TLDR: ExCyTIn-Bench is a new benchmark for evaluating LLM agents on cyber threat investigation tasks. It uses a simulated Azure tenant with real-world security logs and multi-stage attacks to generate questions from threat investigation graphs. The benchmark provides a MySQL environment for agents to interact with and offers fine-grained rewards for intermediate steps. Initial experiments show the task is challenging for current LLMs, with significant room for improvement, and highlights the rapid progress of open-source models.
Cybersecurity is a critical field in our increasingly digital world, but it faces a growing challenge: the sheer volume and complexity of cyberattacks. Traditional defense mechanisms are often outmaneuvered by sophisticated attackers, making human-led threat investigations essential. However, these investigations are time-consuming, requiring analysts to manually sift through vast amounts of security logs and piece together evidence.

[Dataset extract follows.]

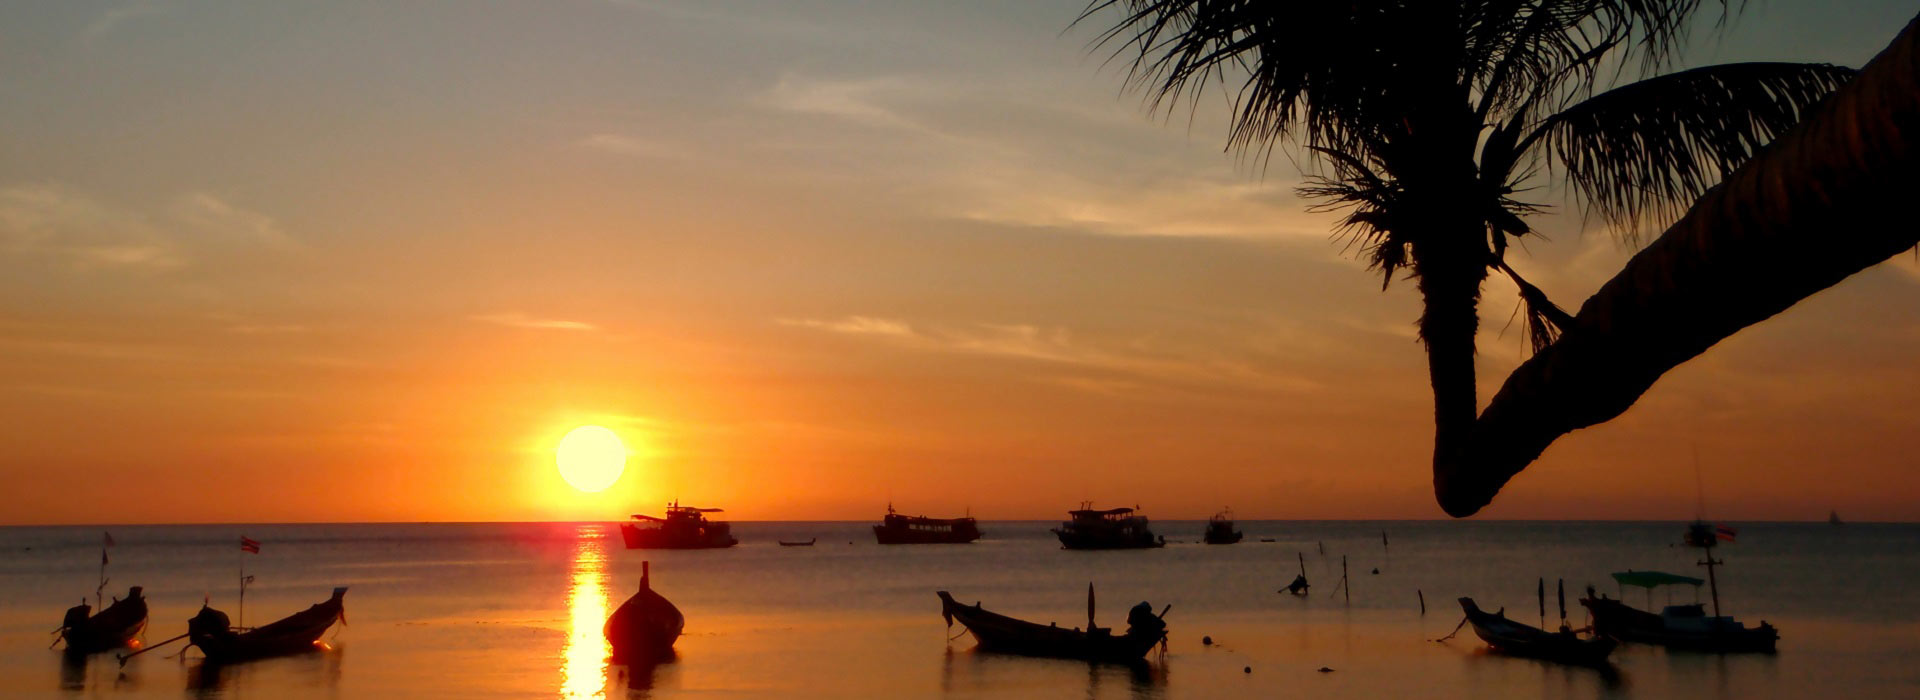 kai_bay_beach_ko_chang_island

This is where the potential of Large Language Model (LLM) agents comes into play. LLMs have shown remarkable capabilities in understanding complex environments and performing multi-step actions, making them promising candidates for automating cyber threat investigations. To truly advance this area, a robust and standardized way to evaluate these LLM agents is needed.
A new benchmark called ExCyTIn-Bench has been introduced to address this need. It’s designed to assess how well LLM agents can perform cyber threat investigations. Unlike previous benchmarks that focused on knowledge recall, ExCyTIn-Bench evaluates the agent’s ability to investigate and reason through security scenarios.
What is ExCyTIn-Bench?
ExCyTIn-Bench is built on a realistic foundation. It uses data from a simulated Microsoft Azure tenant, which mimics a real-world corporate environment. This tenant includes 57 different log tables, capturing various activities like login events, email events, and virtual environment actions. Crucially, it also contains data from 8 simulated multi-stage cyberattacks, providing a rich and diverse dataset for evaluation.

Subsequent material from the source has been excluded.